As was rightly said by the compere, Devarajan; and as he was compendiously introducing the need for such a programme, it was like telling a child the taste of an ice cream or a cookie, MGR needed no introduction amidst the sprawling spectators, who completely reduced every gap for movement in  the K R Soma auditorium by their propinquity and reverence for the actor whose demise 20 years ago had had  left behind the prosody of verses and songs though of yesteryear yet reminded the motivation of life for many of the older members, who organised and graced this particular occasion. There were some datuks amongst them, who sat amidst the crowd and endorsed the legacy of MGR in his incessant call for  duty, integrity and discipline.

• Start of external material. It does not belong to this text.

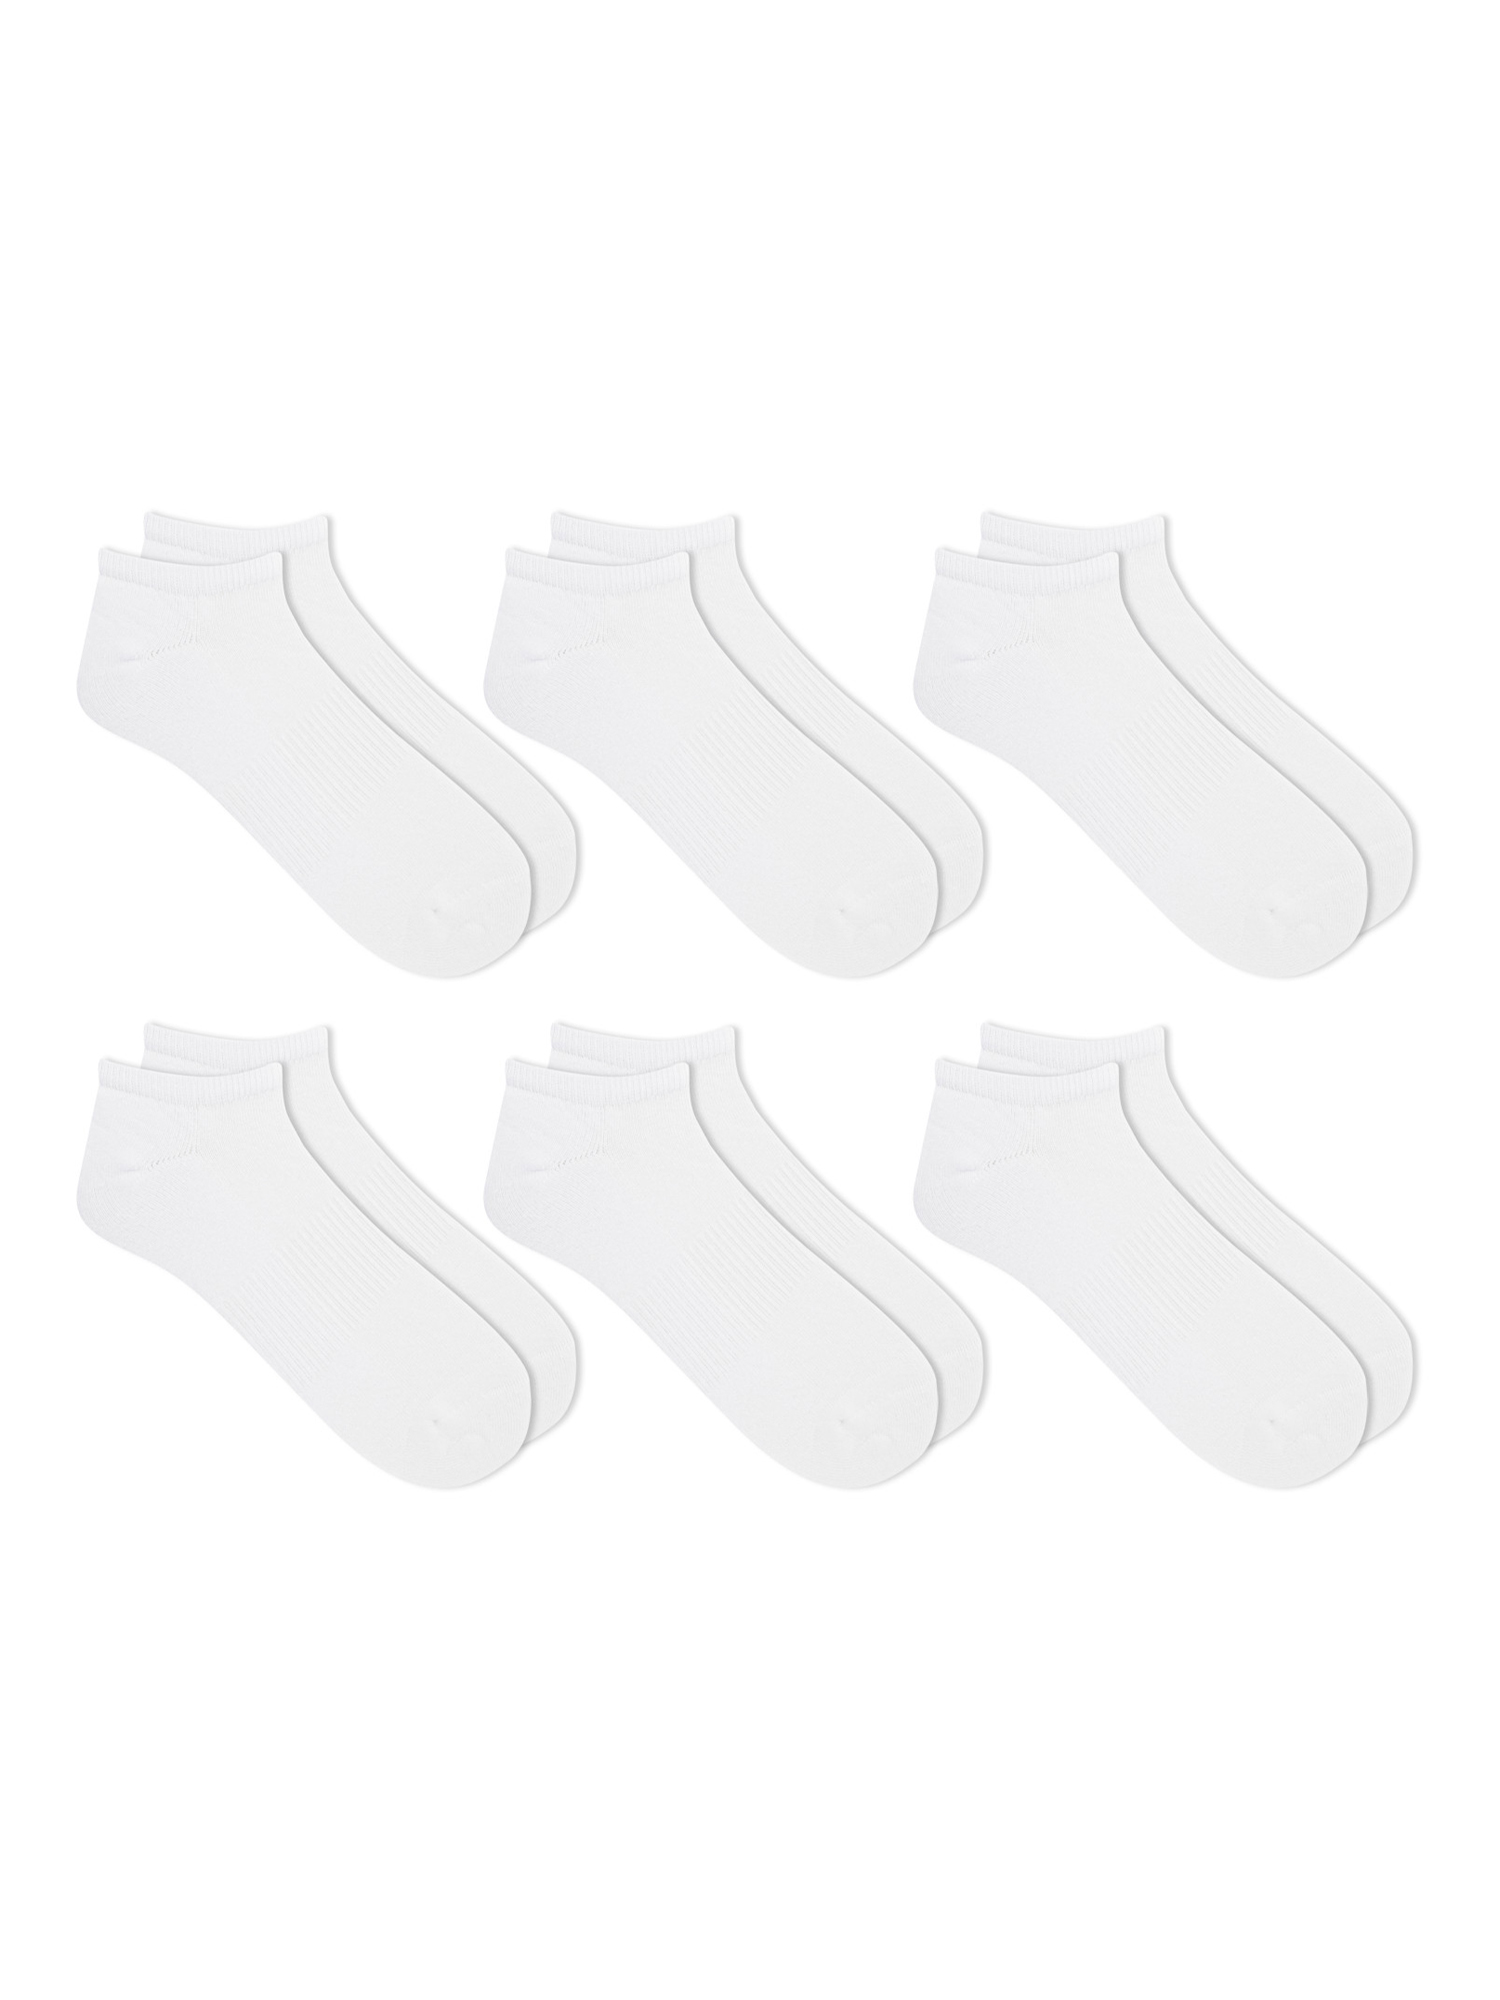 Find Your Perfect Athletic Works Men's No Show Socks. 6-Pack - Walmart.com

The propulsive event commenced with the Praise for Tamil. This practice dates back to two thousand years, whence every Tamil or Tamil function must needs to praise the mother tongue of the race that has survived all kinds of persecution and pestilence and yet never gave up its culture and language. The praise was very unique. Seven artists all dressed in various styles depicting MGR danced in rendition of the famous song Oru Thai Makkal Naam Enbom (Let us all say we are children of one mother).
Devarajan by his spectacular mimicry and as a gifted ventriloquist spoke severally in MGR’s own voice and also in the voices of various Tamil legends like C N Annadurai, Kalaingar M Karunanidhi, Kamal Hassan, Rajinikanth and even so like the villain actor, M R Radha, who had acted in 25 Tamil films with the legendary actor and who in real life  had shot and injured him seriously; skillfully  introduced song after song that were beautifully choreographed and brought into rendition by various MGR followers like Puchong Sekar, MGR Hari and Anbalagan. Some of the songs made the auditorium hailing and moony.

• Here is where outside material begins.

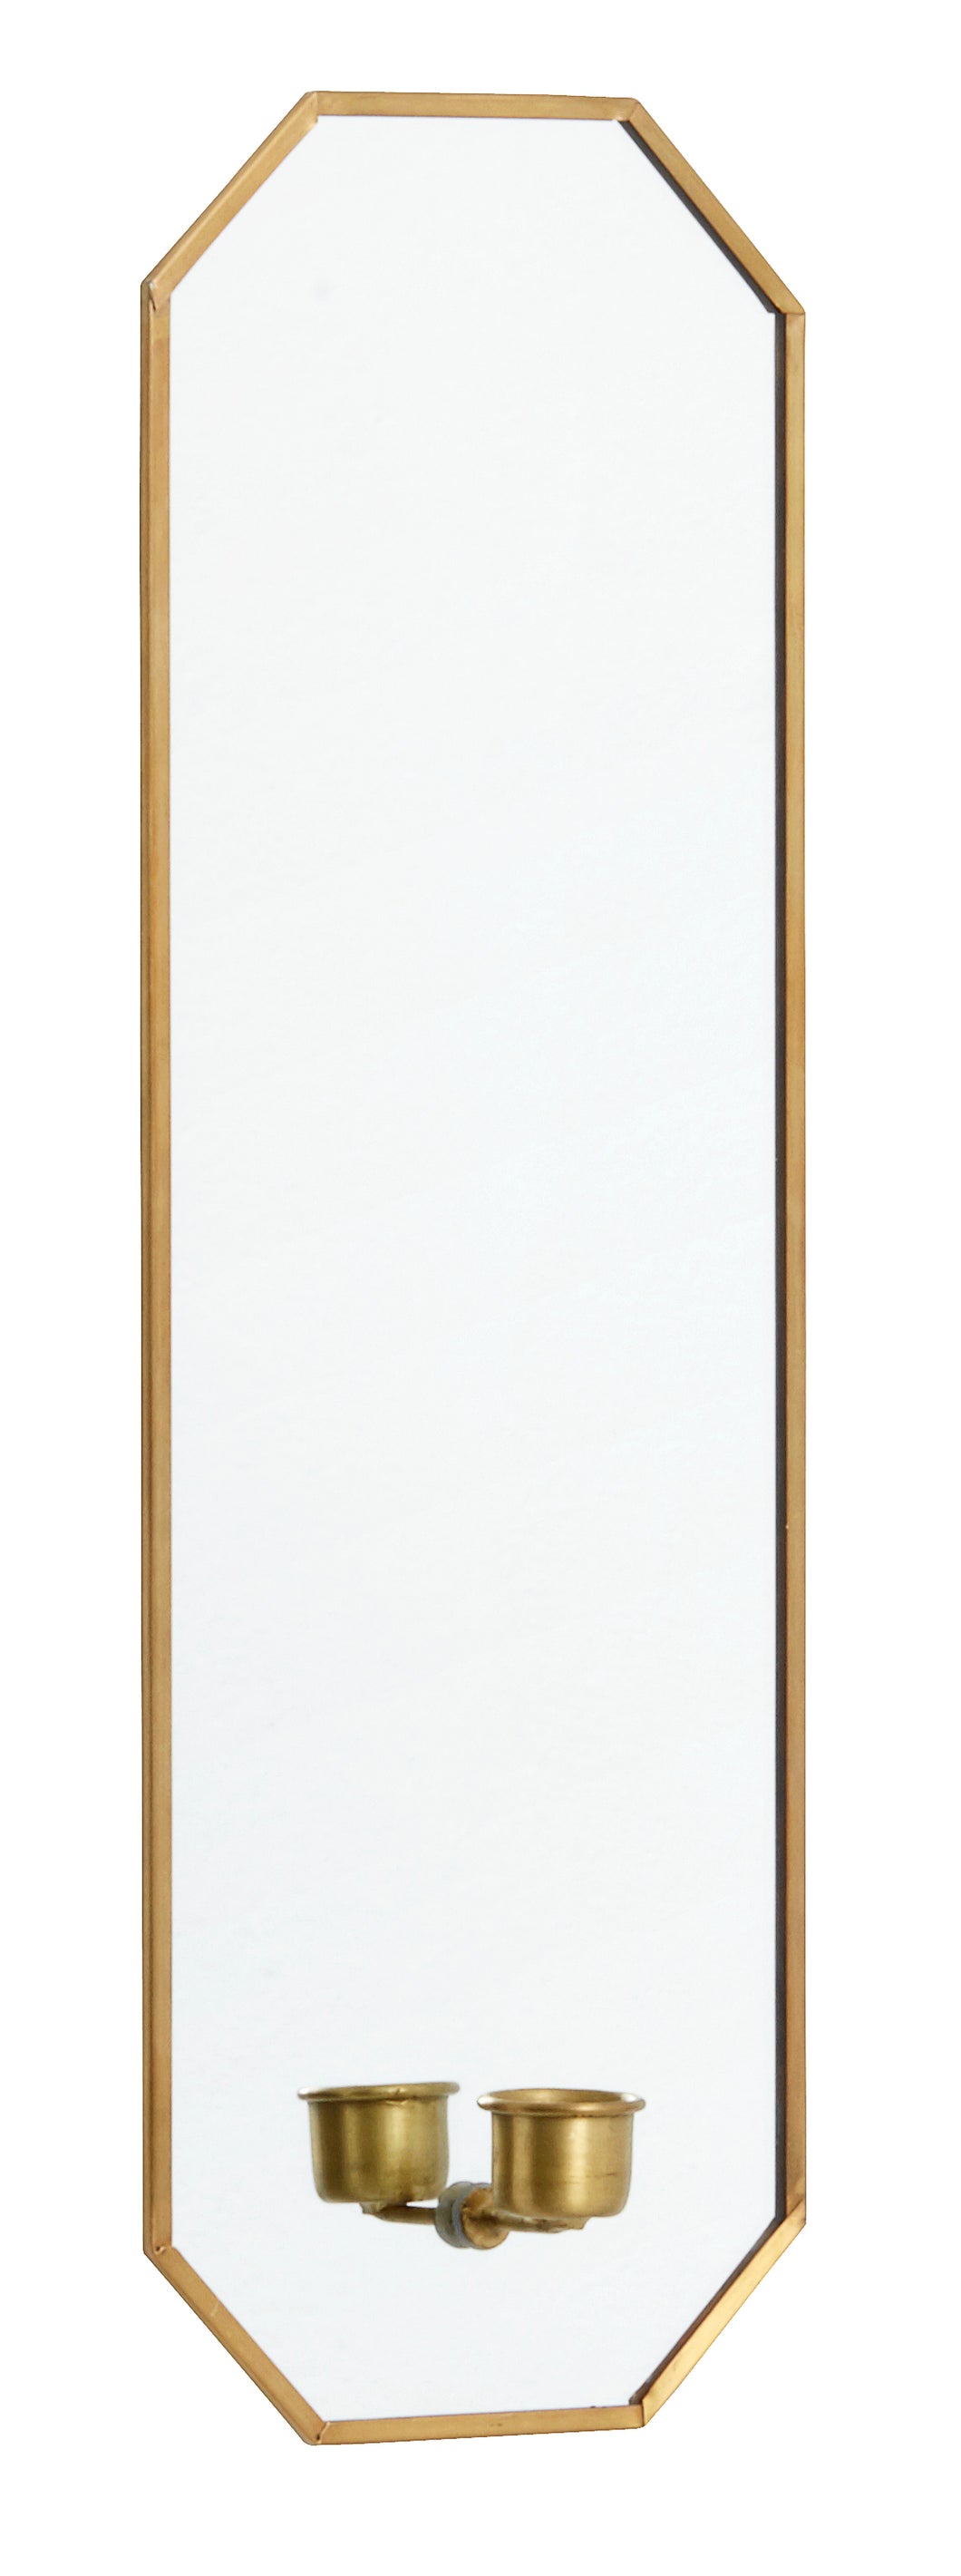 Gold Mirror with Candle Holder

In the middle of the programme the chairman of the association Mathavan, spoke about how MGR has influenced his own life and many of the members of the association.
Though in his late seventies, Mathavan willfully asserted that MGR was man of great principles and had influenced millions of Tamils around the world by his altruism and love for the socially marginalised people, through his movies.
He also asserted that the association will only register a member after finding out that he or she must be a non-smoker, a teetotaler and disciplined in every area of his or her life with duty to the community, with integrity and discipline as espoused by MGR.  Amidst these events the well-known Tamil writer Ramadas Manoharan elucidated some important incidents leading to the composing of some of  MGR’s leading movie songs.
MGR was born  on Jan 17, 1917 in  Kandy in British Ceylon to immigrant Malayali parents, Melakkath Gopala Menon and Maruthur Satyabhama. His family was originally from Palakkad, Kerala. Melakkath Gopala Menon had been excommunicated in 1903, regarding an allegation that dealt with an illicit relationship with a widowed Brahmin woman; and hence he left his family, and married Maruthur Satyabhama and left for Ceylon.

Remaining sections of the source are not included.